Ecco la conclusione esplicita del Tractatus: " Noi sentiamo che, anche una volta che tutte le possibili domande scientifiche hanno avuto risposta, i nostri problemi vitali (Lebensprobleme) non sono ancora neppure toccati: Certo allora non mi resta più domanda (scientifica) alcuna; e appunto questa è la risposta (filosofica) " (prop. 6.52). Infatti, recita ancora il Tractatus: " Il metodo corretto della filosofia sarebbe propriamente questo: Nulla dire se non ciò che può dirsi; dunque, proposizioni della scienza naturale - dunque, qualcosa che con la filosofia nulla ha a che fare -, e poi, ogni volta che altri voglia dire qualcosa di metafisico (racchiudere in proposizioni l'Essere, Dio o la dimensione etica dell'uomo), mostrargli che, a certi segni nelle sue proposizioni, egli non ha dato significato alcuno(…) " (prop. 6.53).
Ma è proprio nel luogo vuoto di significato empirico che nasce quell'esigenza naturale del senso etico (-teologico) che continuamente riemerge dai silenzi e dalle fratture tematiche del Tractatus, congiungendoli in una difficile e problematica unità di fondo.
Sul finire dell'autunno 1919, col manoscritto del Tractatus, Wittgenstein inviò una lettera, ormai nota a tutti gli studiosi, a Ludwig von Ficker. Nel testo della lettera egli delucida chiaramente l'intenzionalità etica oggettiva e soggettiva dell'opera. Si direbbe - con una formula tomistica di secolare fortuna - che nel Tractatus il senso etico costituisce sia il "finis operis", sia il "finis operanti".

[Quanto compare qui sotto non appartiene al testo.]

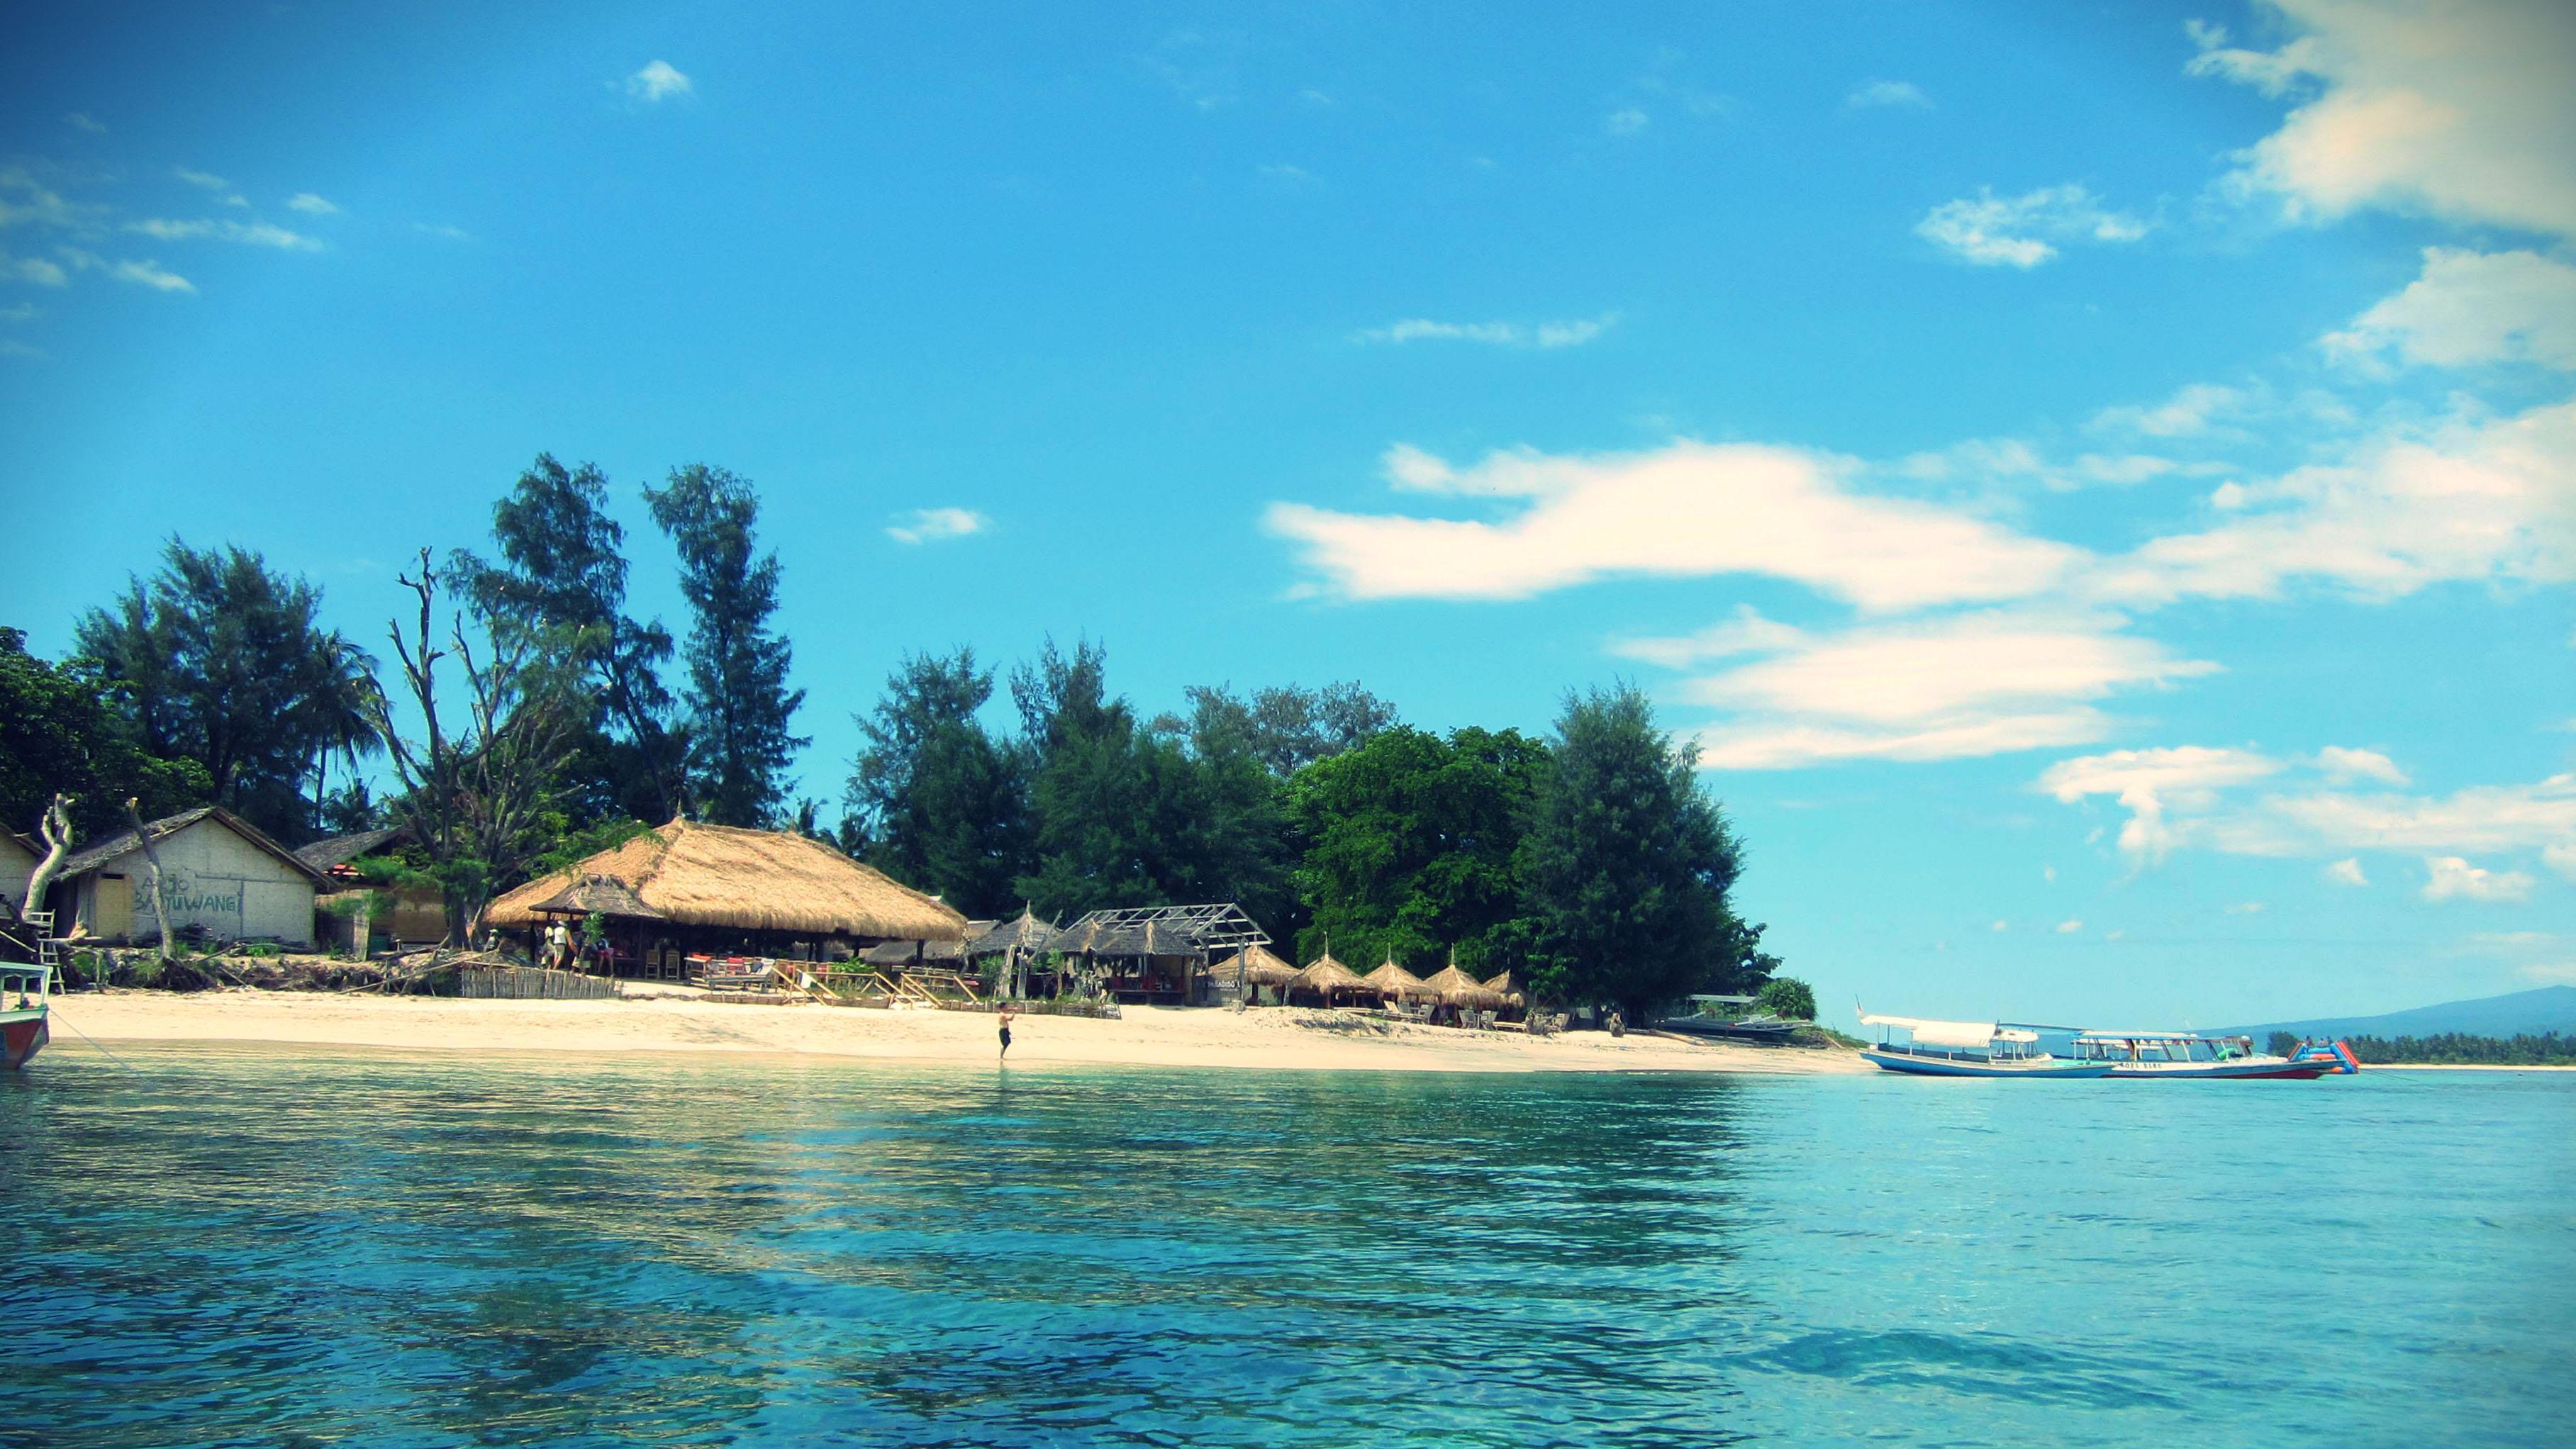 Pantai Gili Air Destinasi Tempat Wisata Ramai Pengunjung Lombok Pulau

Ecco il testo: " Forse le sarà di aiuto se le scrivo un paio di parole sul mio libro: dalla lettura di questo,infatti, Le - e questa è la mia esatta opinione - non ne tirerà fuori u granchè. Difatti lei non lo capirà; l'argomento le apparirà del tutto estraneo. In realtà, però, esso non le è estraneo, poiché il senso del libro è un senso etico. Una volta volevo includere nella prefazione una proposizione, che ora di fatto lì non c'è, ma che io ora scriverò per Lei, poiché essa sarà forse per Lei una chiave per capire il libro. In effetti, io volevo scrivere che il mio lavoro consiste in due parti: di quello che ho scritto ed inoltre di quello che non ho scritto. E proprio questa seconda parte è quella più importante. Ad opera del mio libro l'etico viene delimitato, per così dire, dall'interno; e sono convinto che l'etico è da delimitare rigorosamente solo in questo modo " [8].

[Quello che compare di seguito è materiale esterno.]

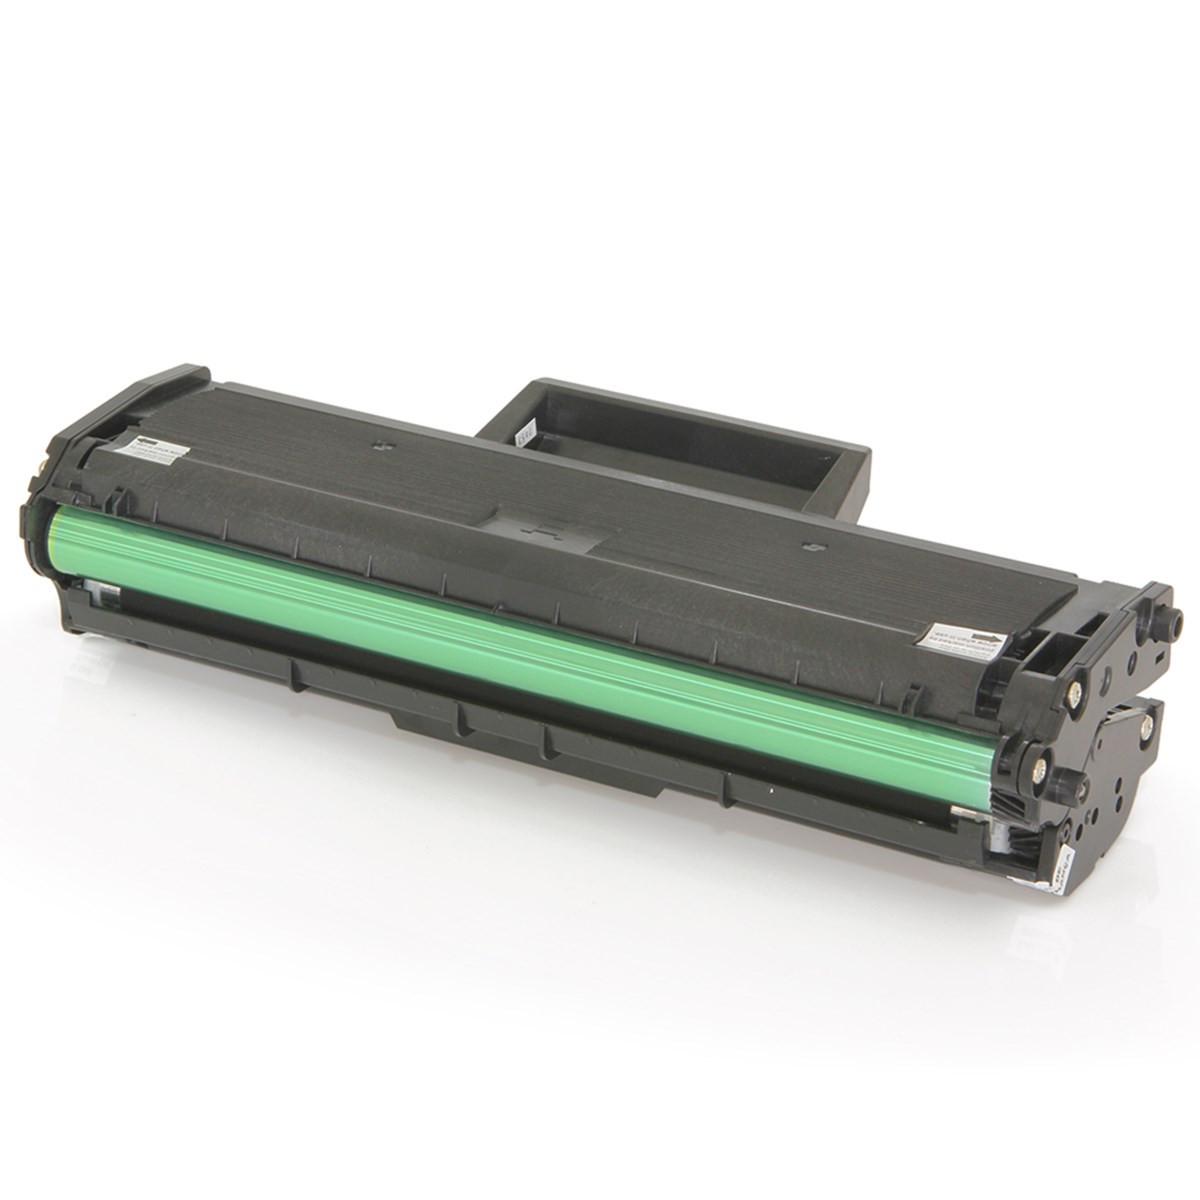 Toner Compatível Samsung MLT-D101S 101S | ML2160 ML2161 ML2165 SCX3400 SCX3401 Premium Quality 1.5k

Due asserzioni emergono chiare dal testo di questa lettera "filosofica": 1) l'interpretazione del Tractatus fornita dai neopositivisti del Circolo di Vienna, pur fondato, è solo parziale. E' vero che vi si traccia una netta linea di demarcazione tra proposizioni dotate di senso (=quelle delle scienze naturali) e proposizioni vuote di senso (empirico-fattuale), cioè tra le cose di cui si può parlare e le cose di cui si deve tacere. Quest'operazione logico-epistemologica è stata compiuta anche dai neopositivisti. Ma c'è una differenza essenziale che colloca il pensiero di Wittgenstein in un altro universo di discorso.

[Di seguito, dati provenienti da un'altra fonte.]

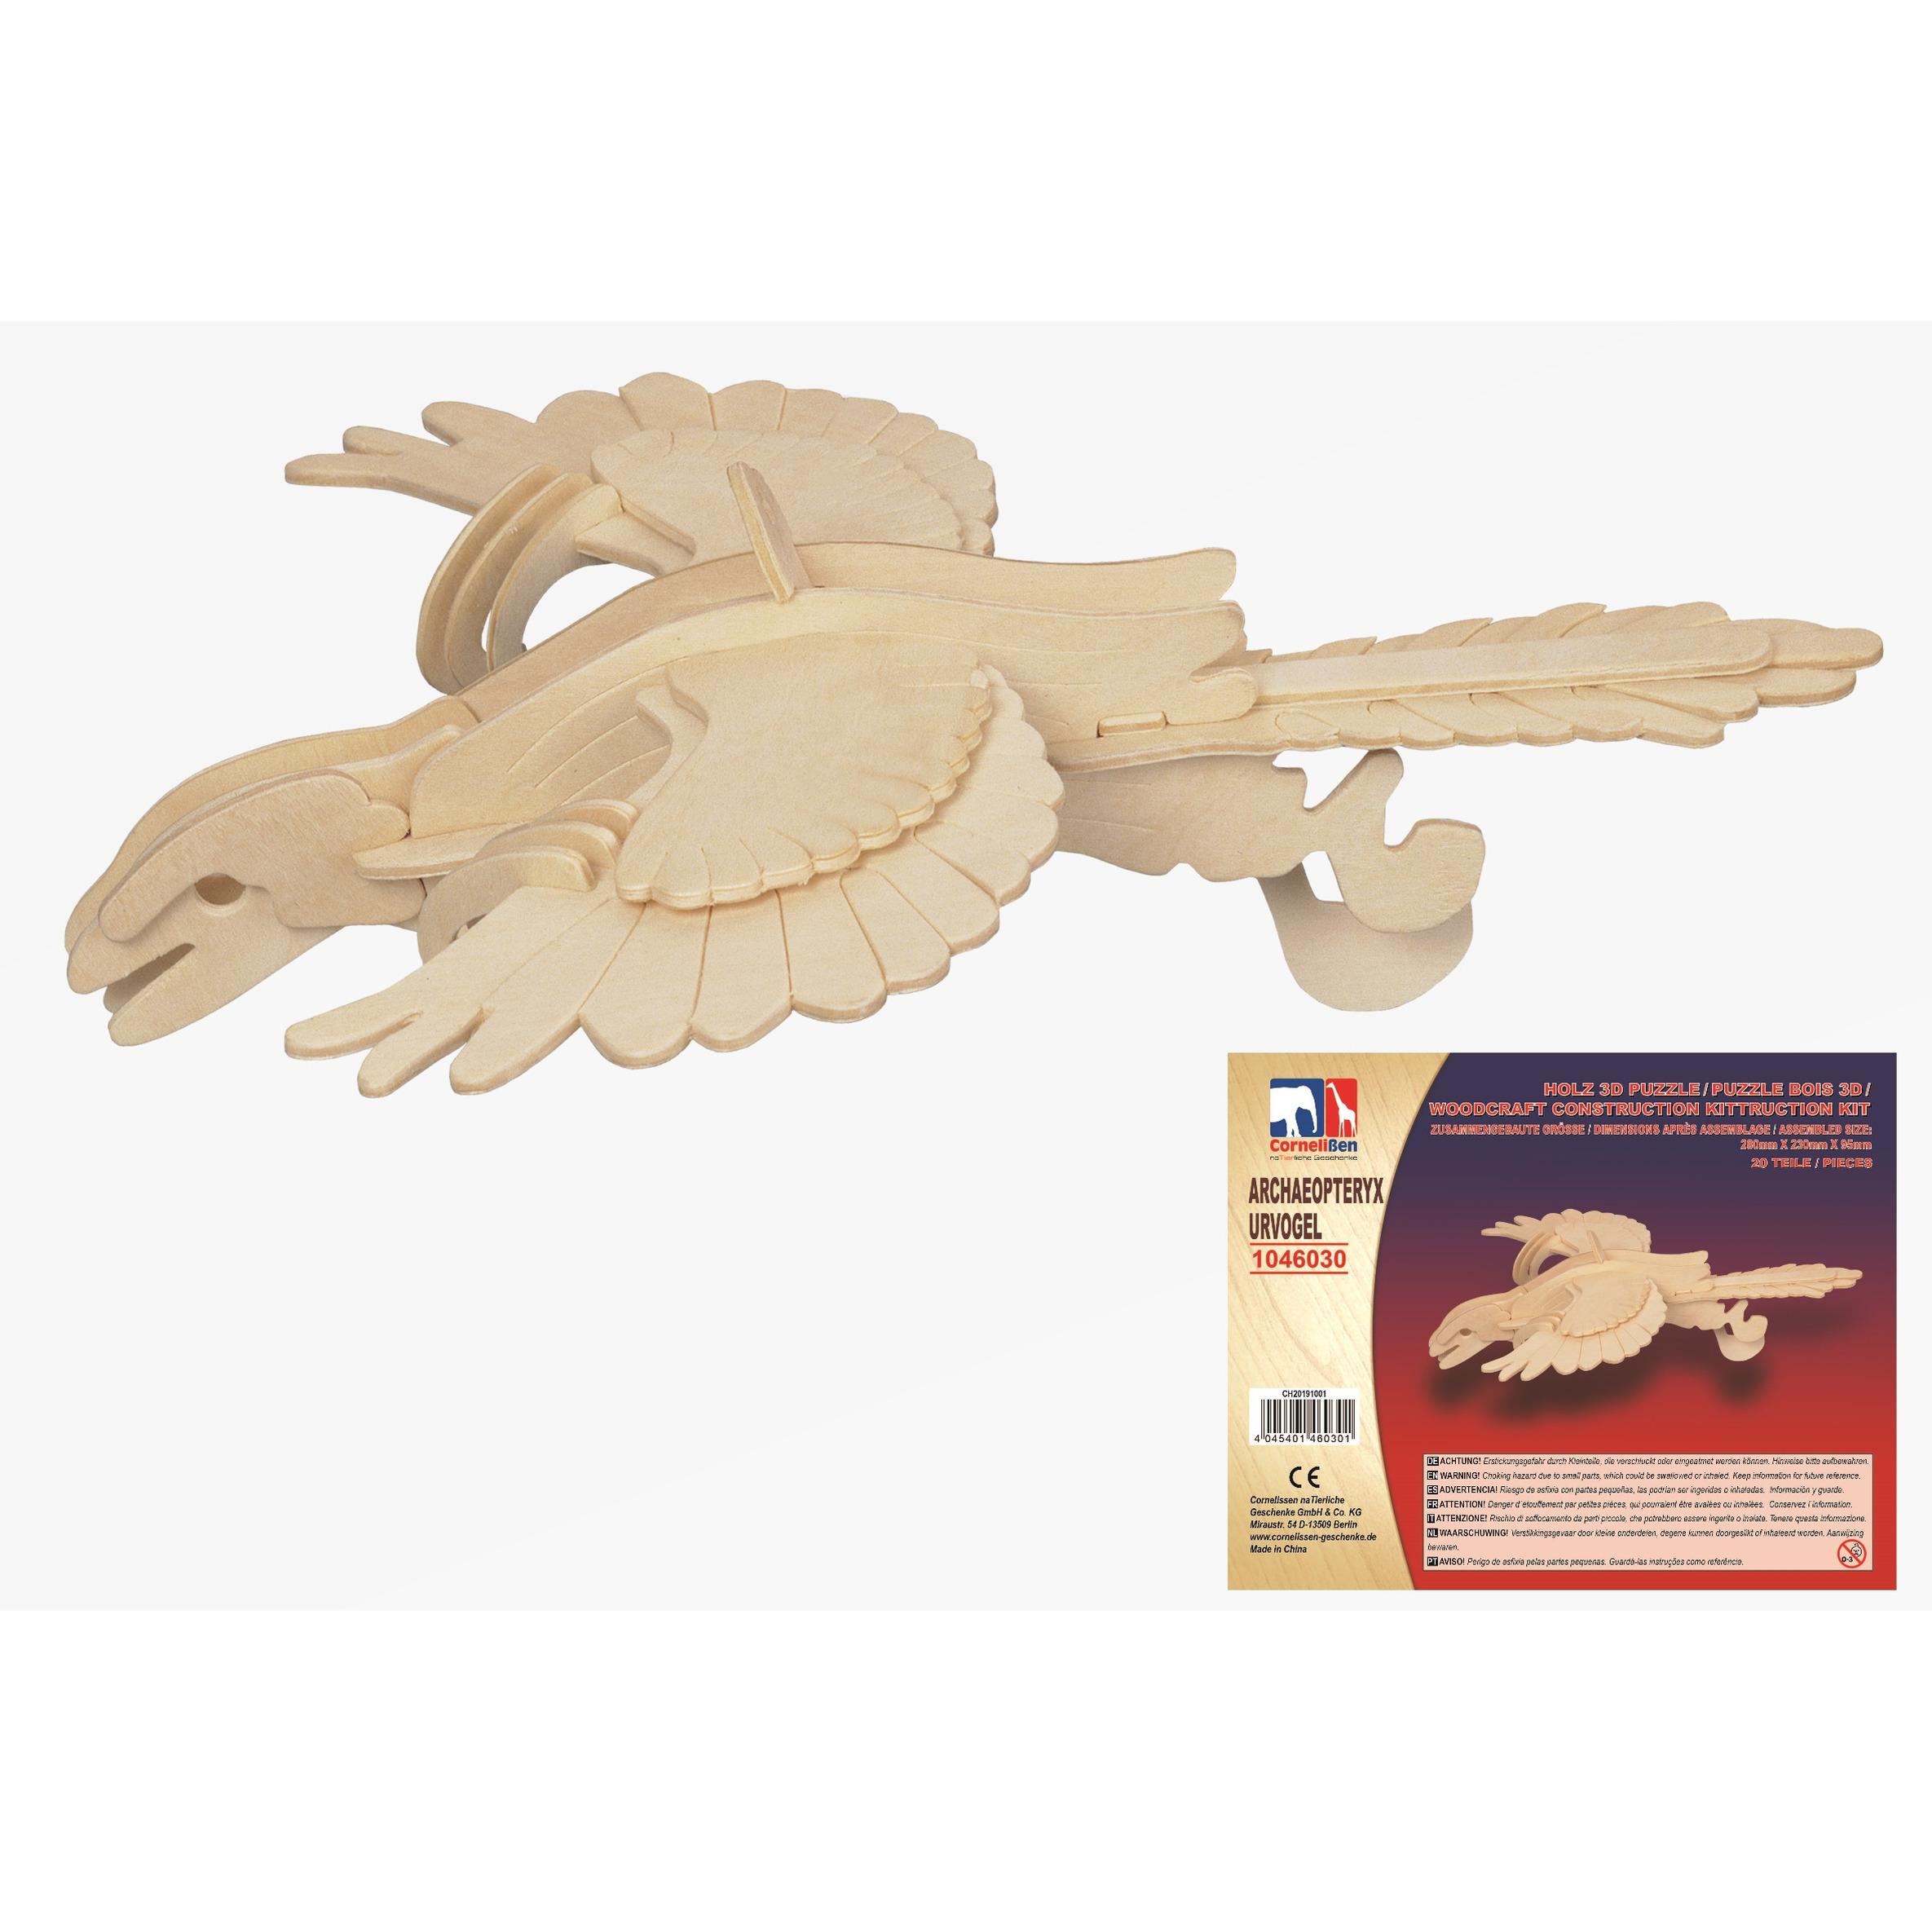 Houten 3D puzzel Archaeopteryx dinosaurus 28 cm

" La differenza è soltanto che essi [ i neopositivisti] non avevano niente di cui tacere. Il [ neo] positivismo sostiene - e questa è la sua essenza - che ciò di cui possiamo parlare è tutto ciò che conta nella vita. Invece Wittgenstein crede appassionatamente che tutto ciò che conta nella vita umana è proprio ciò di cui, secondo il suo odo di vedere, dobbiamo tacere " [9].
Dunque: il fine o il senso ultimo dell'esistenza dell'uomo e del mondo, Dio, l'immortalità dell'anima sono ambiti di ricerca non "afferrabili" dal pensiero discorsivo e non codificabili nel linguaggio delle proposizioni regolate dalla sintassi logica; essi però non svaniscono nel nulla; perché, se vogliamo dare senso compiuto all'ambito della realtà accessibile alle scienze, dobbiamo assumere come presupposto tacito (o, per lo meno, abbiamo ragioni per assumerlo) che esiste un "Io" diverso da quello psicologico e gnoseologico, un senso più alto di quello empirico, e perfino, forse un Dio, di cui non so nulla, ma che se esistesse darebbe senso a tutto, anche al male eal dolore innocente.
In questi ambiti del desiderio o della "tendenza naturale" si muove quel libro "virtuale" che Wittgenstein non ha potuto scrivere, ma che è il contenuto implicito del Tractatus, l'altra faccia, quella bianca e silenziosa, di ogni pagina scritta. Del resto, perché ci sono persone che scrivono saggi filosofici su autori rinomati? Se vogliono sapere solo quello che essi hanno detto, è sufficiente sostare sul libro scritto; ma in ogni libro c'è dietro appunto un libro virtuale, talvolta un anti-libro, un libro sommerso che gli studiosi - con un'operazione di speleologia storico-filosofiche - devono o vogliono portare alla luce.
Come gli esecutori di uno spartito musicale; la musica non è ubicata - per così dire - nella datità materiale delle note del pentagramma. Essa vive negli spazi in sonori e pieni di silenzio delle pause.
Come il senso etico (teologico) - parola di Wittgenstein - vive nel vuoto e nel nulla di senso (empirico) delle proposizioni della scienza e nelle tautologie della logica.

 


[1] A. Verrecchia, Intervista su Wittgenstein con il suo biografo Peter Campits, in ID,Incontri viennesi, Marietti 1990, p.155. Per un tentativo di interpretazione della figura di Wittgenstein come " Der metaphische solipsist ", cfr. W. Vossenkull, Ludwig Wittgenstein, Verlag C. H. Beck, München 1995, pp.176-182.
[2] L. Wittgenstein, Tractatus logico-philosophicus, con un'introduzione di B. Russel, testo tedesco non trad. inglese a fronte, London 1922.
[3] W. Vossenkull, Ludwig Wittgenstein, cit., p. 402
[4] M. Eckhart, Vom Mystischen Leben. Eine Auswahl aus sinen deutschen Predigten, Basel 1951, p.81.
[5] Quaderni 1914-1916,ed. cit., p.195.
[6] B. Russel, Ritratti a memoria,trad. It. , Longanesi, Milano 1969, p.27.
[7] Cfr. D. H. Pinsent, Vacanze con Wittgenstein. Pagine di diario , trad. It. di Bollati Boringhieri, Milano 1992 ( il riferimento è agli anni 1912-1913).
[8] L. Wittgenstein, Lettere a Ludwig Von Fucker, trad. it. Di D. Antiseri, Armando, Roma 1974, p.72.
[9] P. Engelmann, Lettere di L. Wittgenstein, trad. it., La Nuova Italia, Firenze 1970, p.70.